[[ Available data open ]]

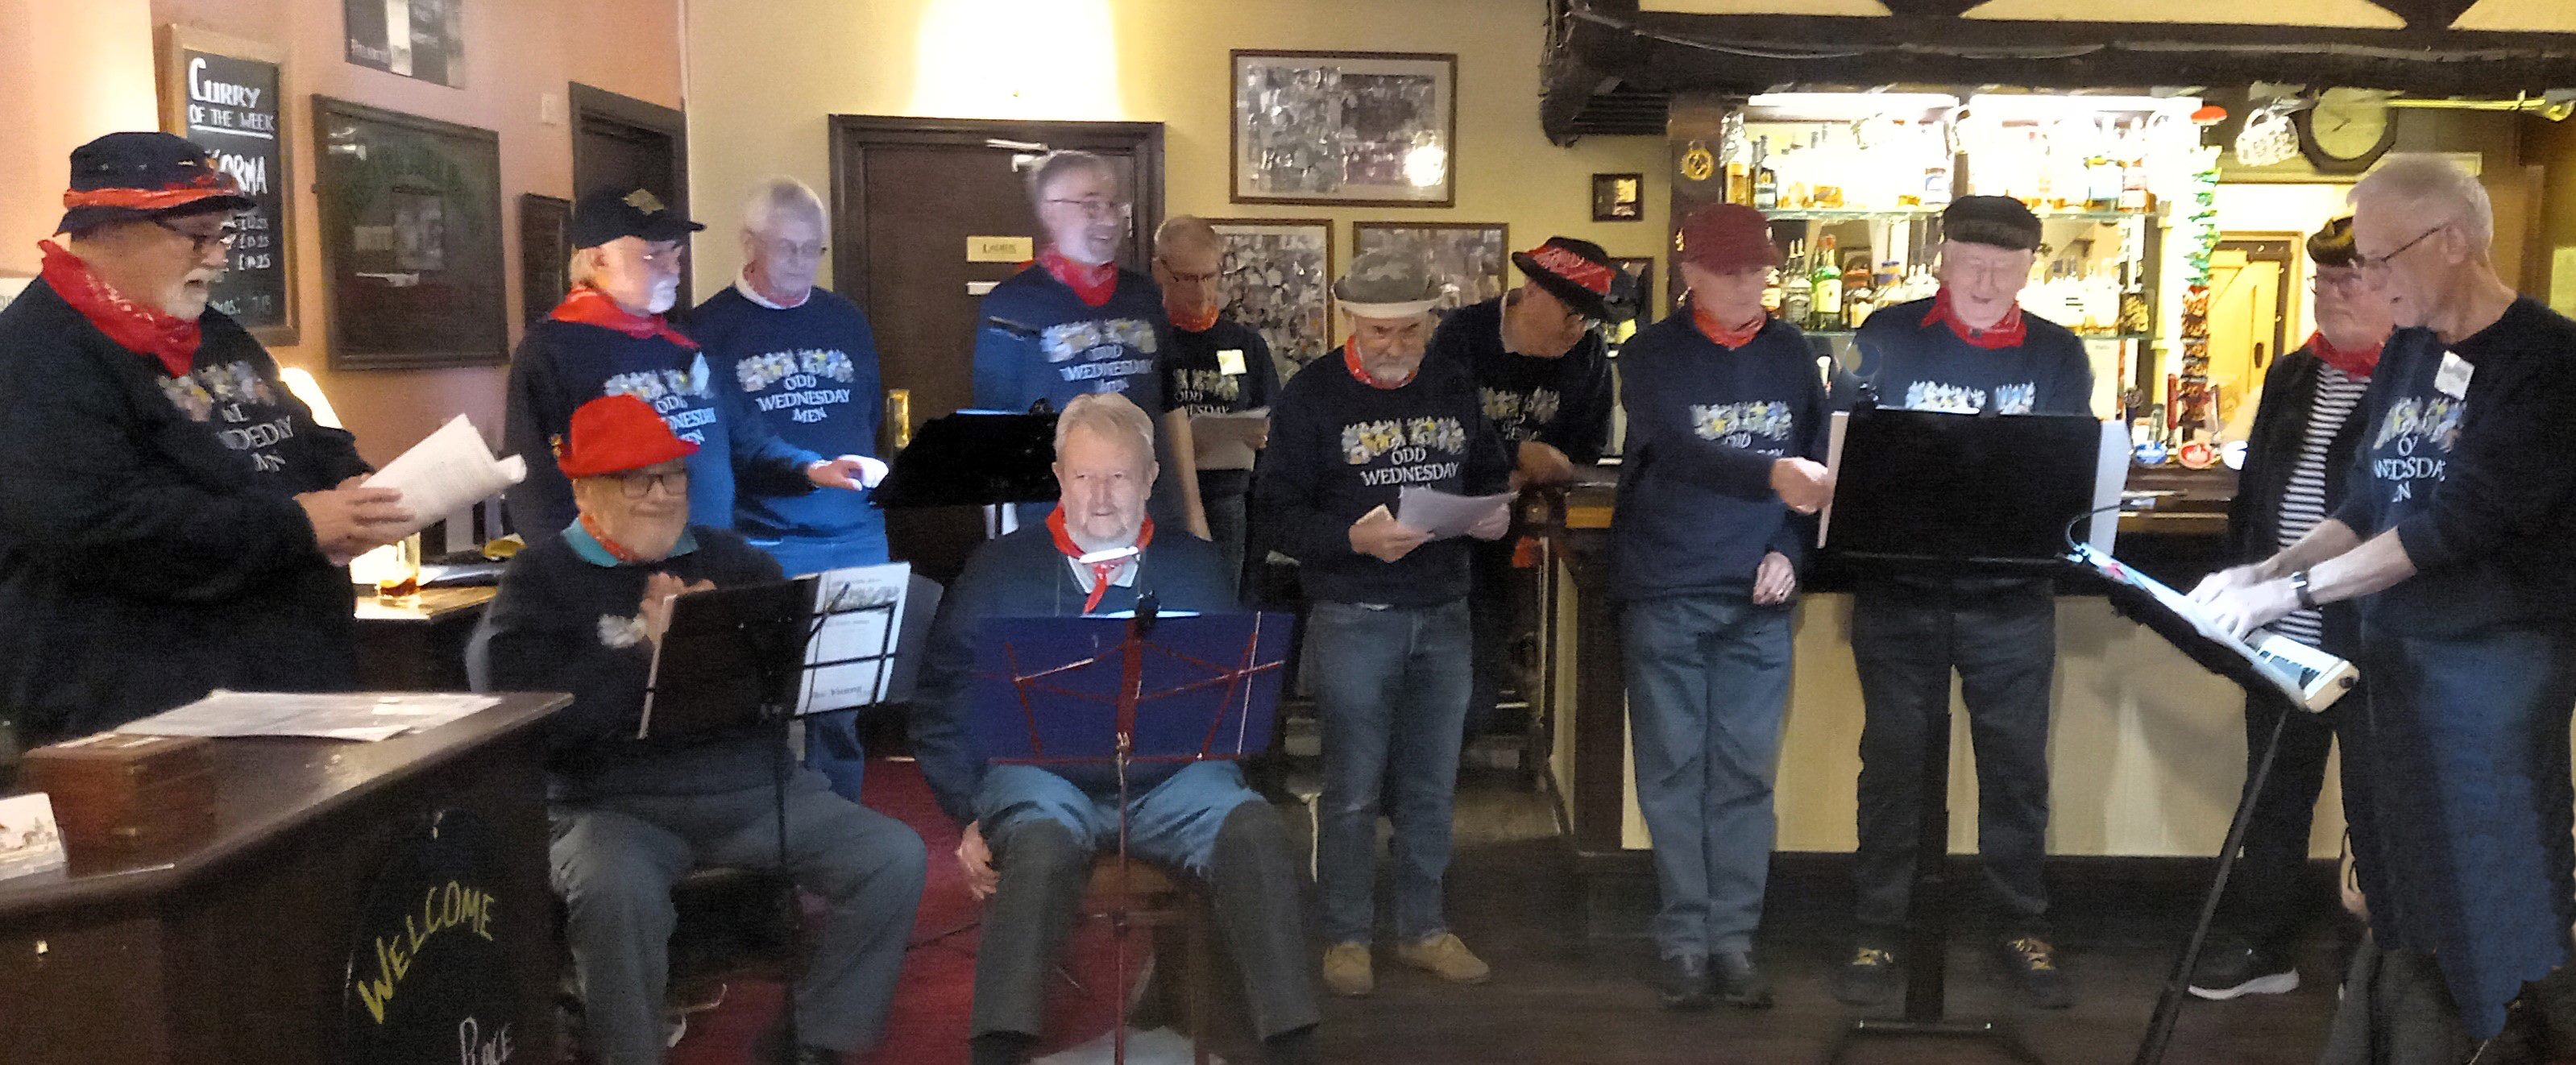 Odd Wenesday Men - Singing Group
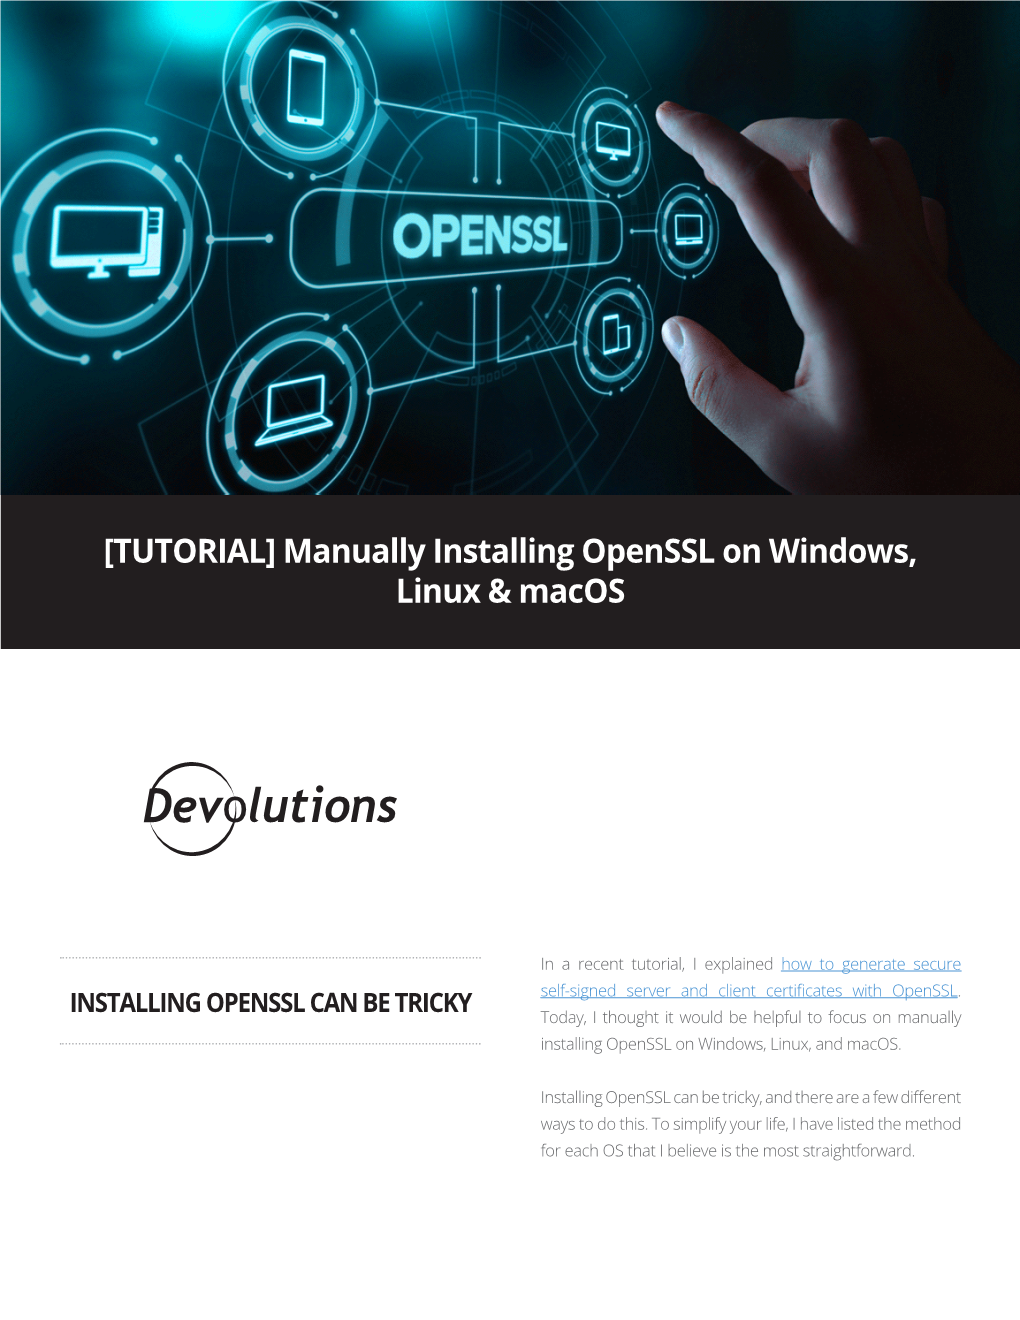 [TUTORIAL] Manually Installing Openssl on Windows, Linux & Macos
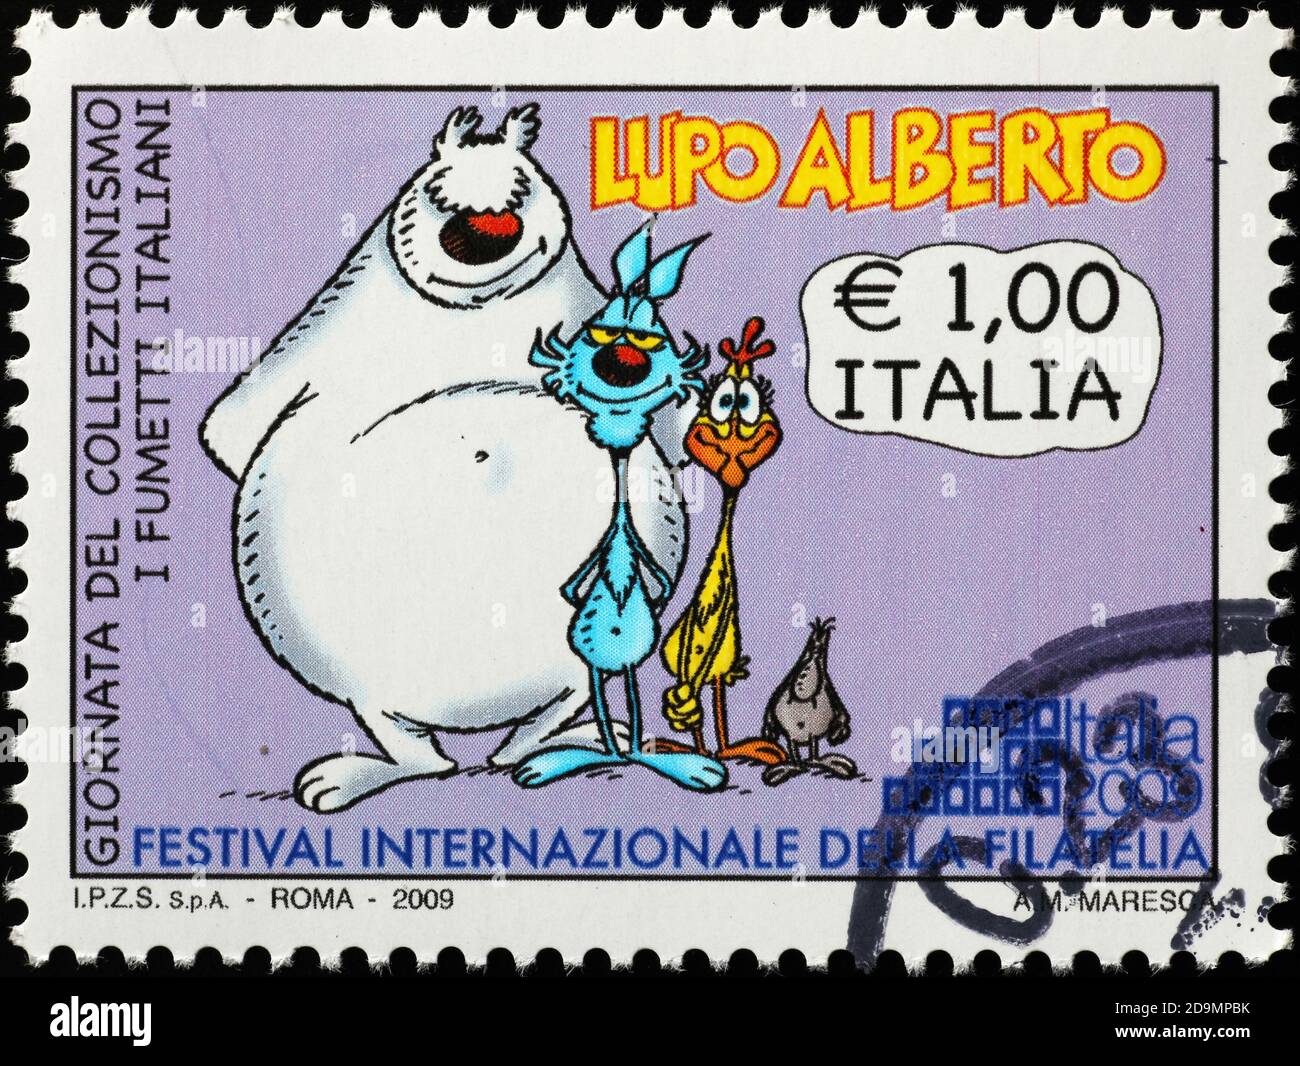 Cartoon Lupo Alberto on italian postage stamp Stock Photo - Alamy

[[ Available data closed ]]

Beginning with the line that contains "[TUTORIAL] Manually Installing", repeat every remaining line of the data exactly, the last line included, and omit pictures.

 [TUTORIAL] Manually Installing Openssl on Windows, Linux & Macos
 Cartoon Lupo Alberto on italian postage stamp Stock Photo - Alamy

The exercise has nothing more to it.